In Japan, hearses, called (霊柩車, reikyūsha), can come in two styles: "Foreign" style, which is similar in build and style to an American hearse, or a "Japanese" style, in which the rear area of the vehicle is modified to resemble a small, ornate Buddhist temple.

The Japanese-style hearse generally requires the rear of the vehicle to be extensively altered; commonly, the rear roof is cut away from the front windows back and all interior parts are removed from the rear as well.

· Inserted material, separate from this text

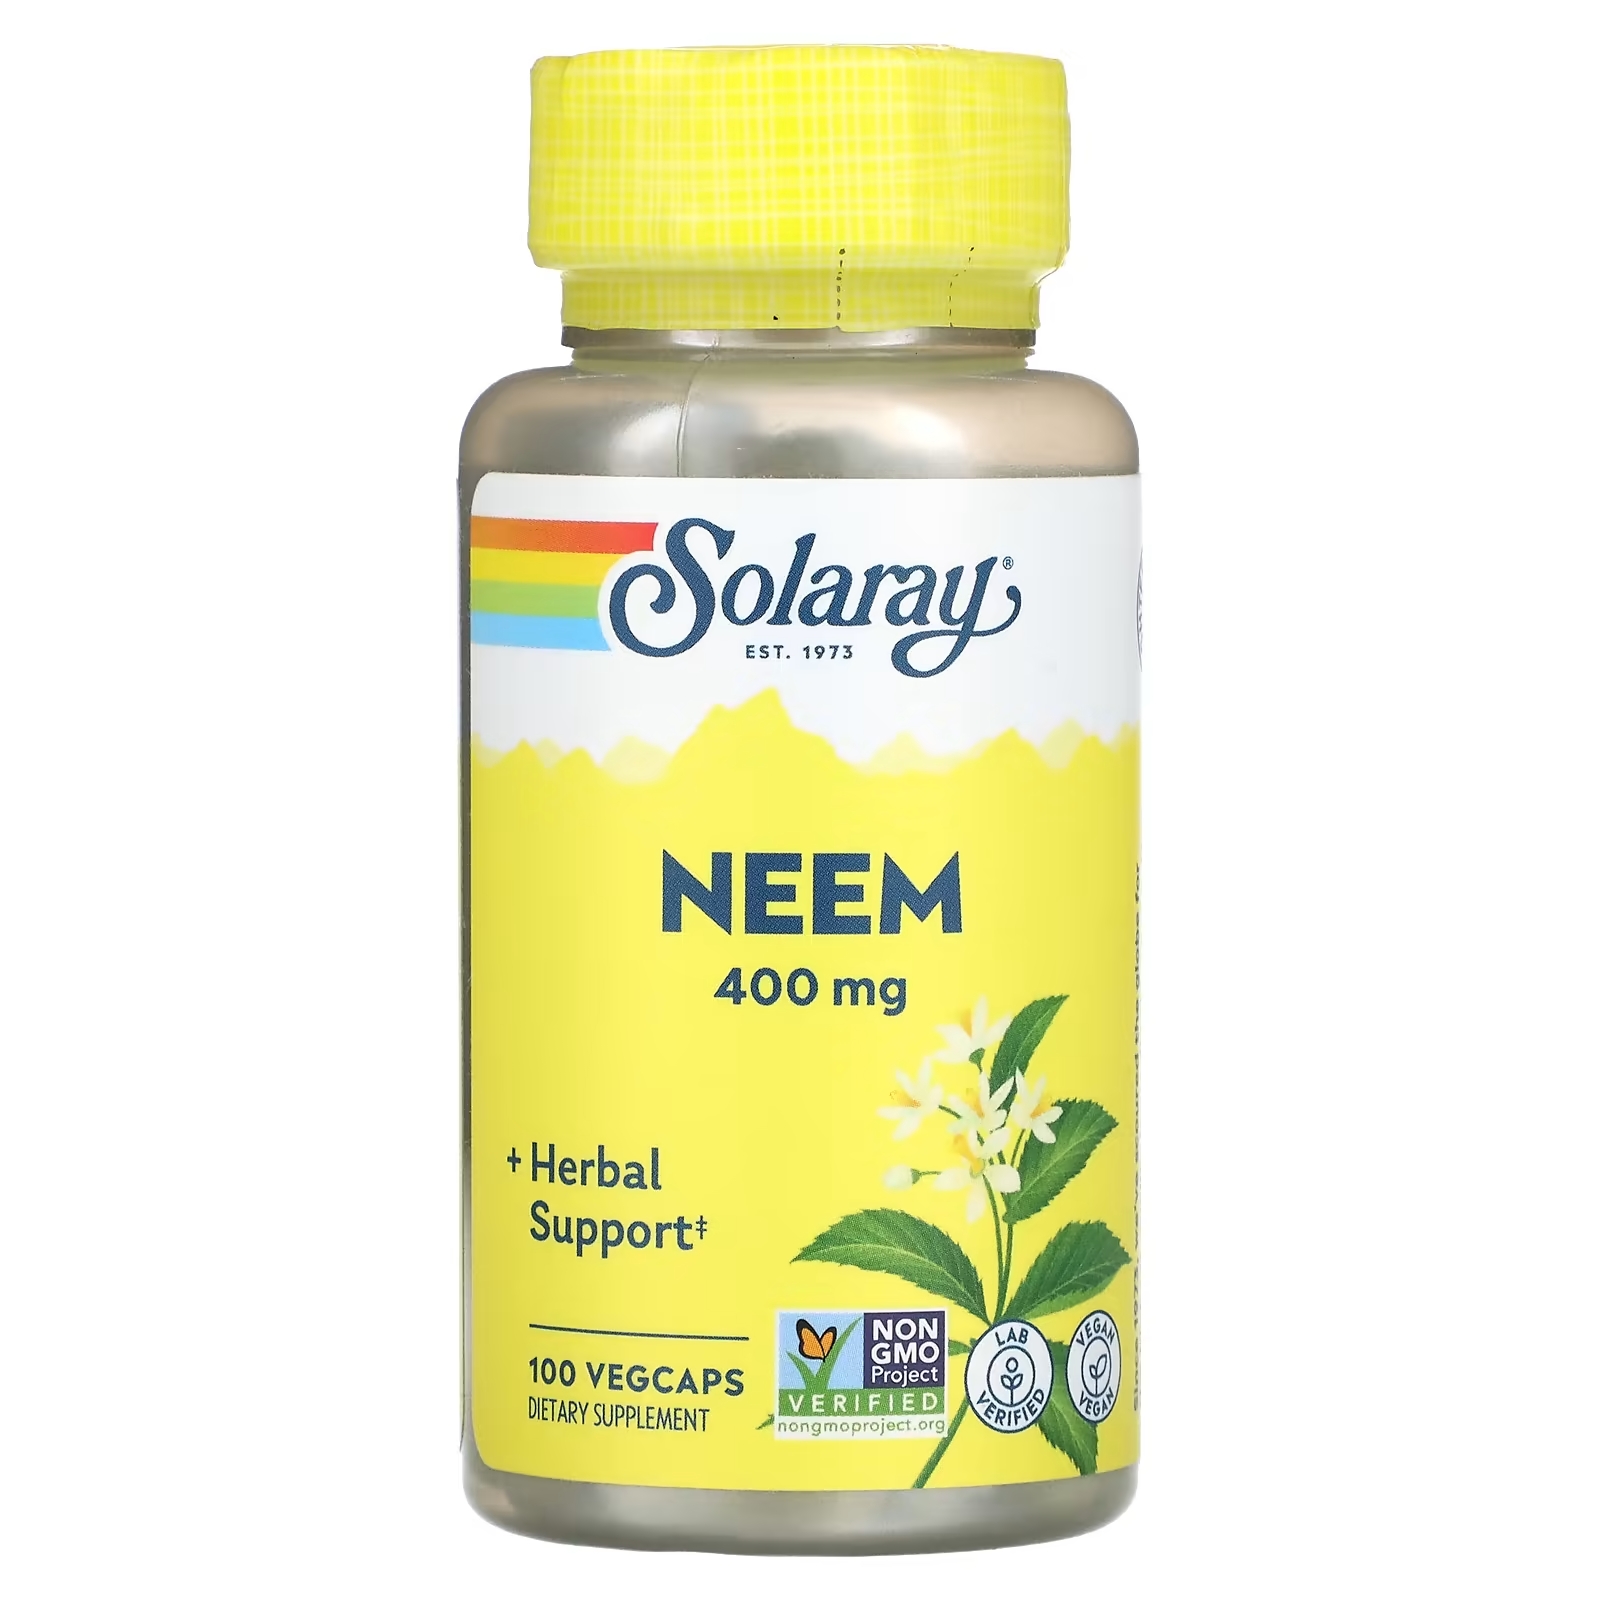 Solaray Органически выращенный ниим 400 мг, 100 вегетарианских капсул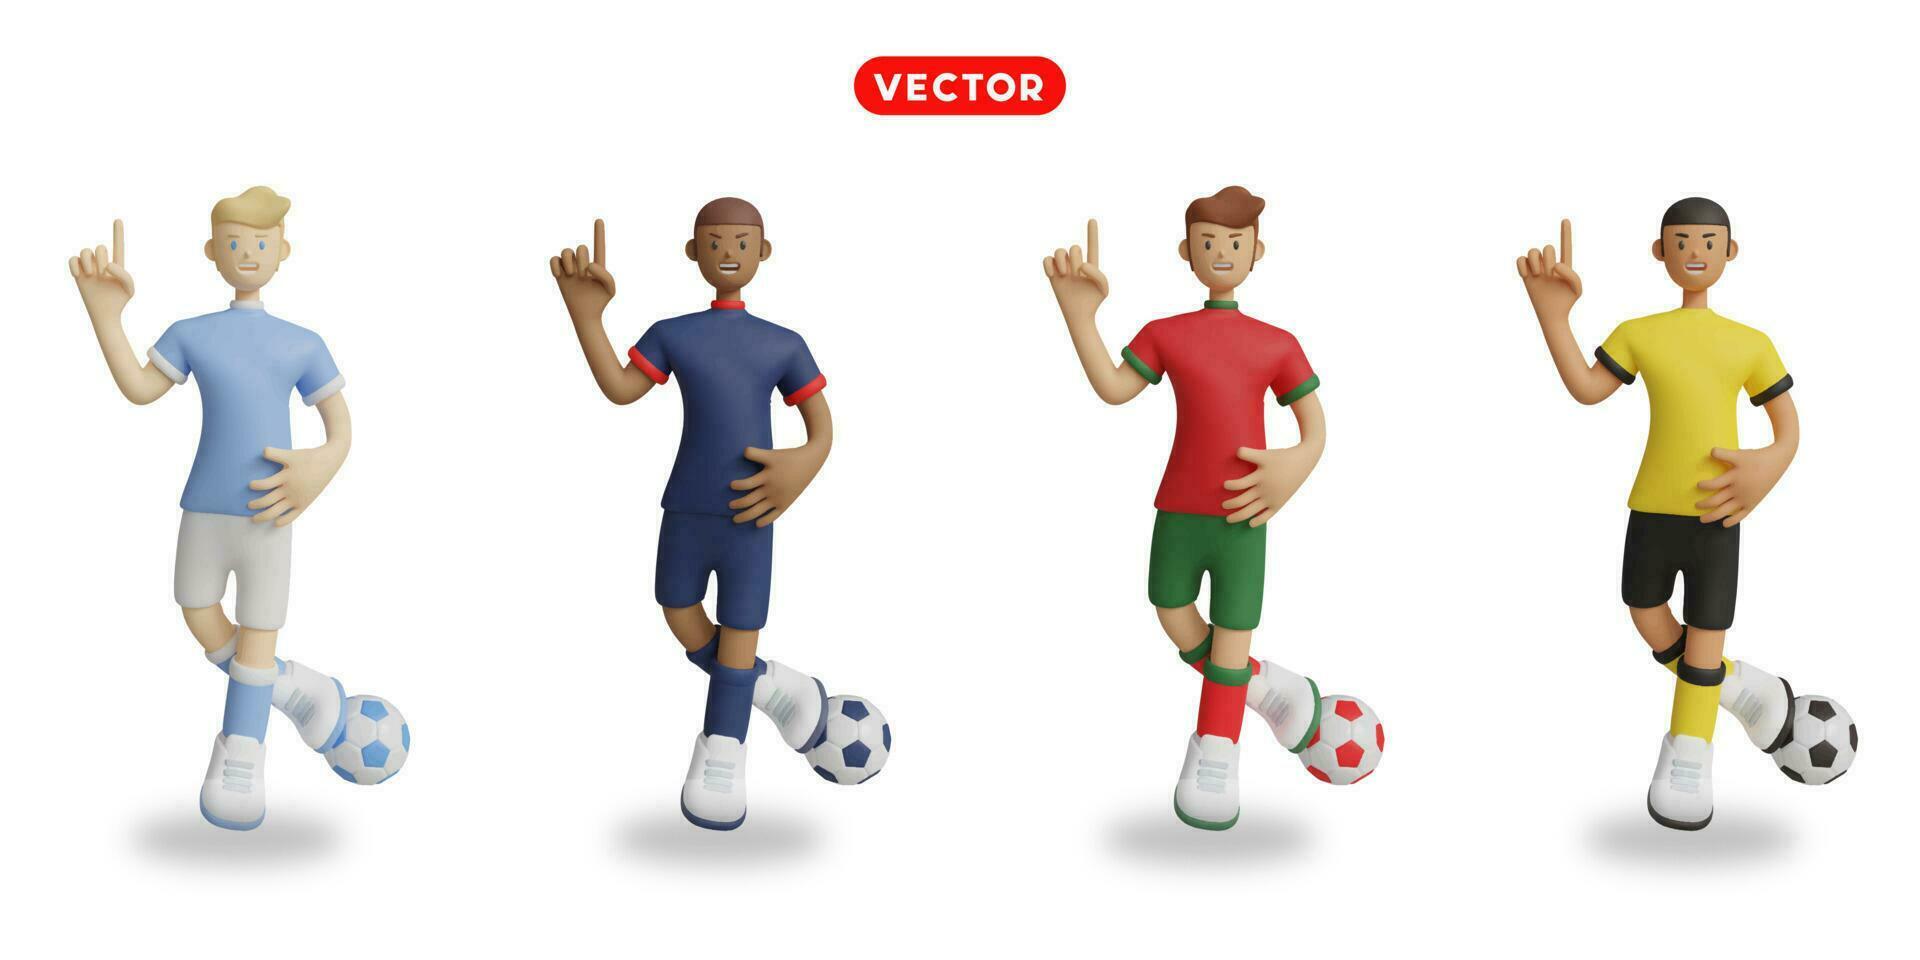 Amerikaans voetbal spelers in lucht blauw, blauw, rood met groente, en geel uniformen. vector

The ornate Buddhist-style rear area, generally constructed of wood and in which the casket or urn is placed, is built on top of this empty cavity and most often is wider than the base of the vehicle, so that it sticks out on the sides, over the rear body panels. Popular bases for these hearses are large sedans, minivans and pickup trucks.

The ornaments on a Japanese-style hearse vary by region. Nagoya style decorates both the upper and lower halves of the car body.
Kansai style has a relatively modest decorations unpainted.
Kanazawa style is known for having a red body (other styles mostly have black bodies) with gilded ornaments.
Tokyo style, found anywhere else in Japan, features painted/gilded ornaments on the upper half of the body.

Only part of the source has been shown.